De kritische strijd voor erkenning van cinema als kunstvorm, waarin de auteurstheorie historisch gezien een cruciale rol heeft gespeeld, kent zelf een relatief gemarginaliseerd bestaan en is verre van gestreden. Die als voornaamste doelwit kiezen dreigt “de baby met het badwater weg te gooien”, wat Shambu op de conferentie juist zei niet te willen.

Terwijl niet kunst, maar maatschappelijke relevantie de belangrijkste motivatie vormt voor Shambu. Dus waarom niet kijken naar de commerciële cinema – films die daadwerkelijk door grote hoeveelheden mensen worden gezien en daarmee substantiële maatschappelijke invloed hebben? Toen op de Woche die vraag uit de zaal kwam, gaf Shambu glimlachend toe nog nooit een Marvel-film gezien te hebben. Maar hij was bekend met de analyses van raciale en genderrepresentaties in Marvel-films, dus hij wilde niet uitsluiten dat zijn theorie eventueel ook daarop van toepassing zou kunnen zijn. Ik zou zeggen: juist. En het is bovendien een strijd die al bezig is, met films als Wonder Woman (Patty Jenkins, 2017) en Black Panther (Ryan Coogler, 2018) tot gevolg – films waarbij de analyse van maatschappelijke relevantie bovendien de kritieken domineerde.

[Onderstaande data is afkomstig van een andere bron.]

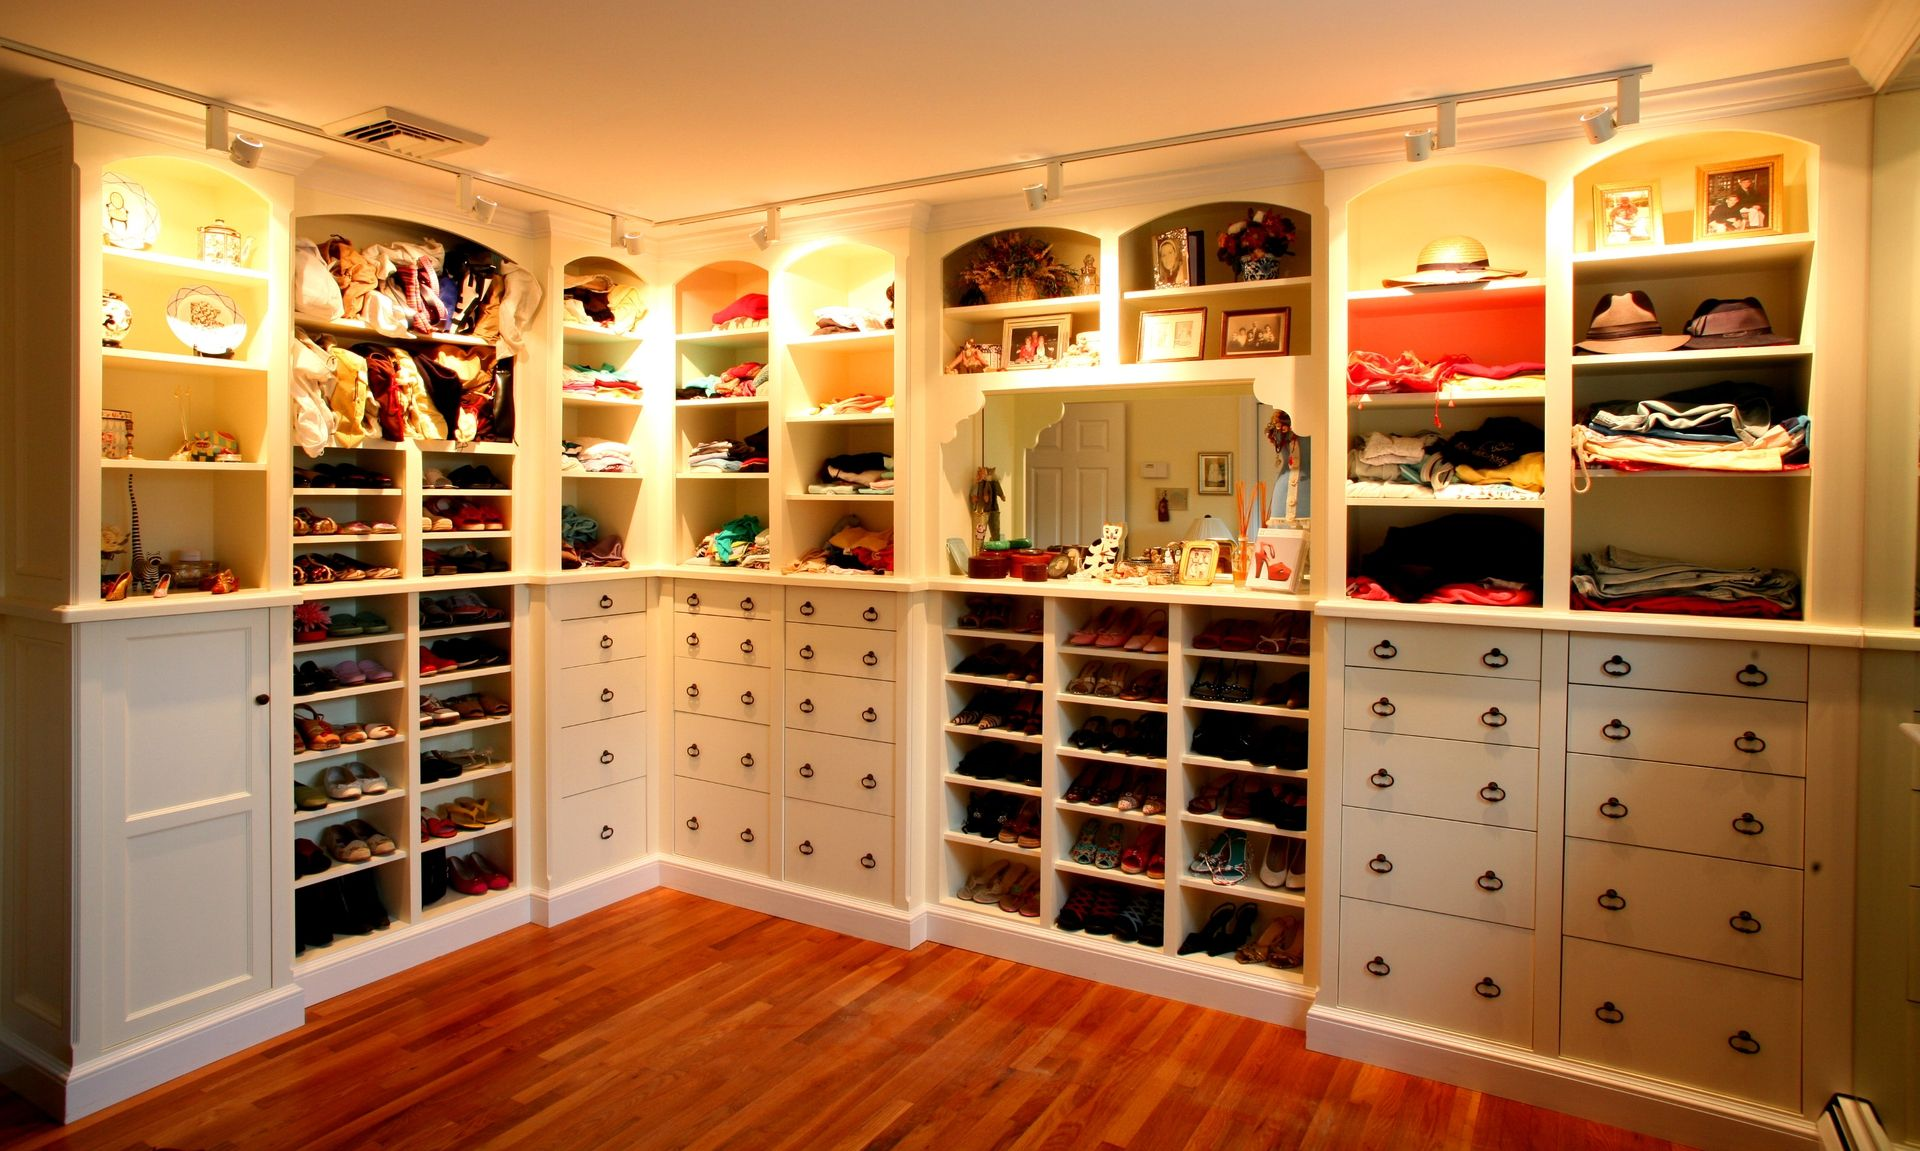 Bedroom Closets Designs Beauteous Teens Bedroom  Closet And Wardrobe Designs Lovely Smart Saving Design Decoration
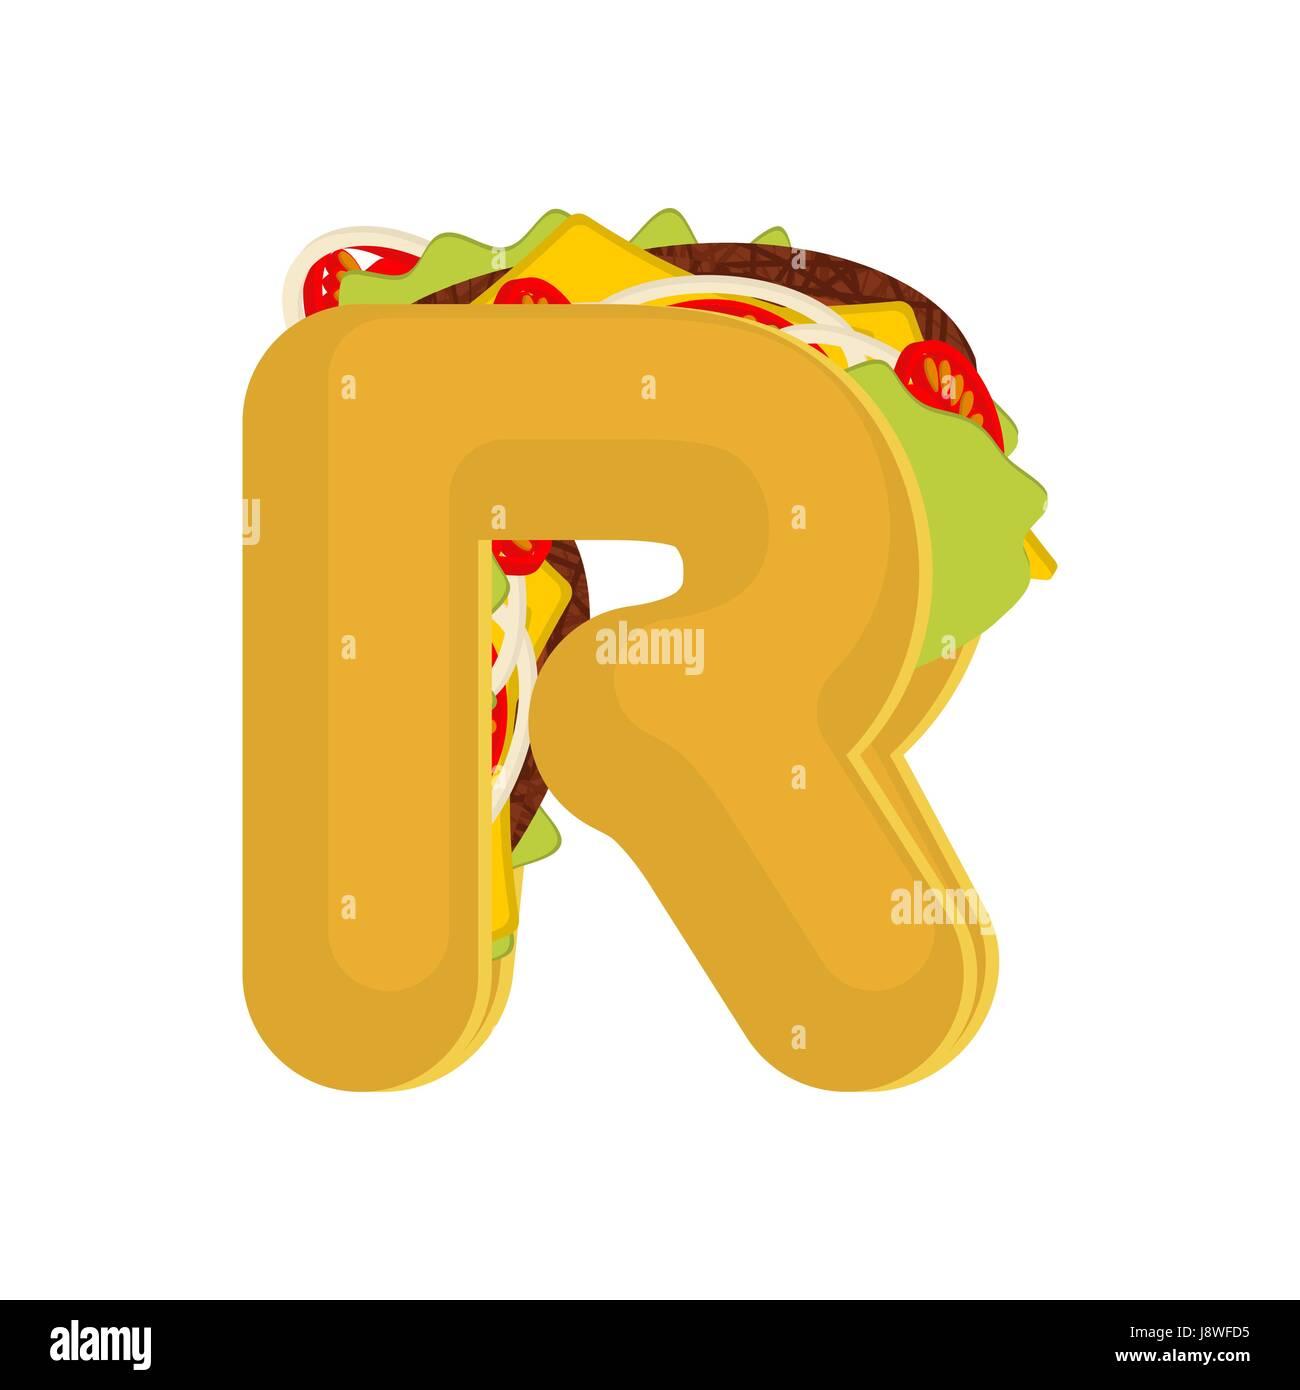 Letter R Tacos Mexican Fast Food Font Taco Alphabet Symbol Mexico

Terwijl het tegelijkertijd zinvoller lijkt de auteurstheorie – de sterkste claim op films-als-kunst die de filmkritiek tot nu toe heeft voortgebracht – niet aan te vallen, maar anders in te vullen. Shambu beweerde op de Woche, dat vrouwen vaker in een collectief willen werken dan mannen en dat de auteurstheorie daarmee niet uit de voeten kan. Of dat eerste nu klopt of niet, de auteursstatus van collectieven (‘het collectief’ was dit jaar zowel op het IFFR als op de Berlinale een thema) is een boeiend onderwerp. Net zoals de eerder genoemde auteursstatus van andere filmische vormen dan de traditionele speelfilm.

En er zijn ook nog wel andere mogelijkheden de auteurstheorie uit te breiden. Zoals het intensiveren van de historische herevaluatie van niet-westerse, niet door heteromannen gemaakte cinema: wat is er over het hoofd gezien? Of, wat mij persoonlijk zeer boeit, een herevaluatie van esthetische criteria an sich: hanteren witte heteromannen, als de historisch gezien dominante groep in de westerse filmproductie en filmkritiek, en heteromannen überhaupt, als we bijvoorbeeld ook kijken naar de Indiase of Japanse canon, andere esthetische criteria dan niet-witte, niet-hetero niet-mannen? Zo ja, dan is dat een extra argument voor het streven naar representatieve diversiteit van critici. Want de tegenstelling dat witte heteromannen, omdat ze de status quo niet willen veranderen, films vooral beoordelen op stijl terwijl gemarginaliseerde groepen, die wel revolutionaire ambities hebben, films vooral beoordelen op inhoud, is weliswaar polemisch sterk, maar kan ook een karikatuur worden. En dan dreigt de auteursbaby alsnog weggegooid te worden met het patriarchale badwater.